# National Electric Saftey Code???



## ndekens (Jan 20, 2009)

So the new power exam will have questions from the NESC as well as the NEC???? If so what versions the 2007 NESC and the 2007 NEC?? That means I have to spend another 300 in books just to take the new version of this test!!!!


----------



## McEngr (Jan 20, 2009)

ndekens said:


> So the new power exam will have questions from the NESC as well as the NEC???? If so what versions the 2007 NESC and the 2007 NEC?? That means I have to spend another 300 in books just to take the new version of this test!!!!


The only time I've actually used the NESC is when I designed a transmission tower made of 8000 psi wood on the Oregon Coast. I only know the structural portions of that code. Good luck.


----------



## mudpuppy (Jan 20, 2009)

The old EE/Power module specified the NESC as a possible topic. I think it occasionally showed up (for one question) on the old format. With the new format maybe there will be a question or two on it, not sure.

Keep in mind the NESC is also IEEE standard C2, so if you have access to the IEEE standards at work, you might be able to print it rather than buy a paper copy. I was able to borrow a paper copy from my boss, since he used to be in the lines design section of our company.

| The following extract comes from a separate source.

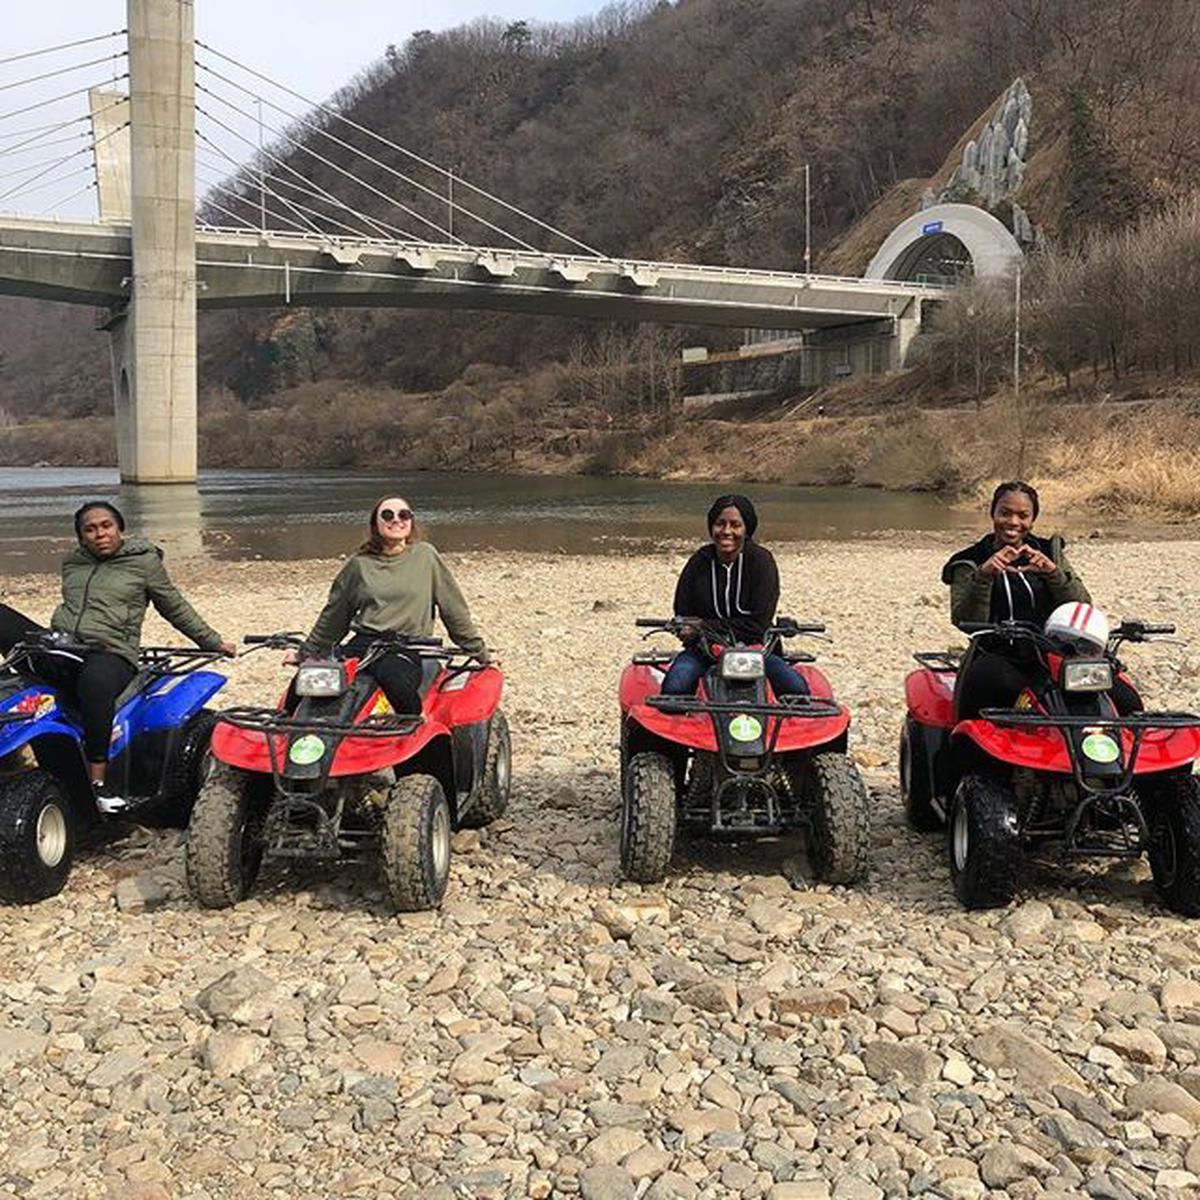 Gapyeong Zipline, Railbike, and ATV Day Trip from Seoul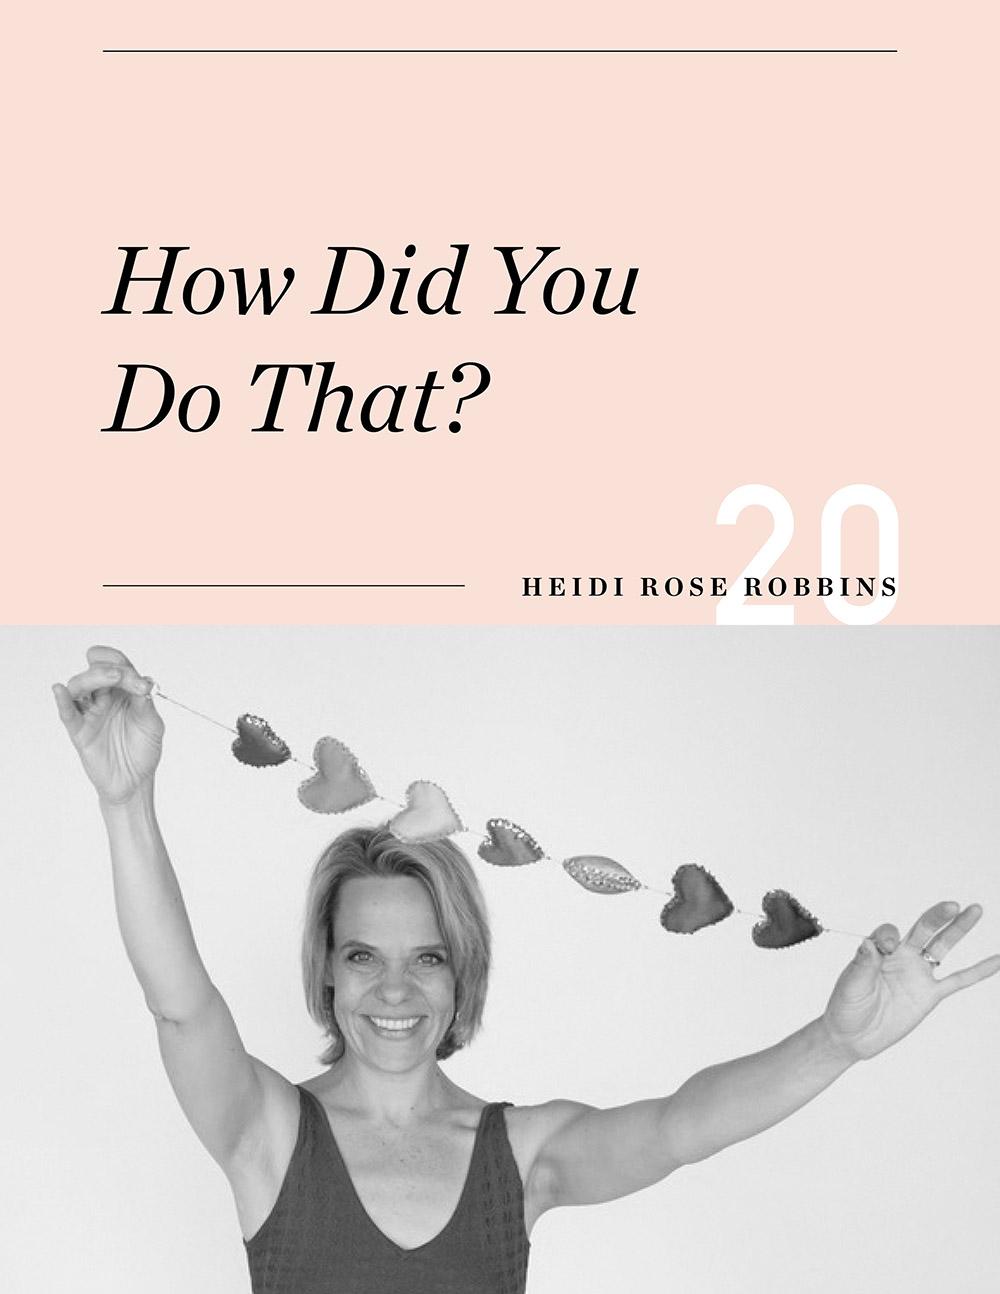 Ellen Fondiler | An Interview with Heidi Rose Robbins

I'm not sure which parts of the NESC they would cover, but considering it is an electrical exam I would guess it wouldn't be any of the structural stuff. The guy next to me at the exam site was a Civil and was surprised to see I had a copy of the NESC.


----------



## ndekens (Jan 21, 2009)

mudpuppy said:


> The old EE/Power module specified the NESC as a possible topic. I think it occasionally showed up (for one question) on the old format. With the new format maybe there will be a question or two on it, not sure.
> Keep in mind the NESC is also IEEE standard C2, so if you have access to the IEEE standards at work, you might be able to print it rather than buy a paper copy. I was able to borrow a paper copy from my boss, since he used to be in the lines design section of our company.
> 
> I'm not sure which parts of the NESC they would cover, but considering it is an electrical exam I would guess it wouldn't be any of the structural stuff. The guy next to me at the exam site was a Civil and was surprised to see I had a copy of the NESC.


Thanks!!!


----------



## Deadbeat_Mike (Feb 2, 2009)

Hmm, sounds like a best guess subject to me. I will have to look into the TOC and see if it is worth getting a hold of or not. Sometimes you just have to let a subject go.


----------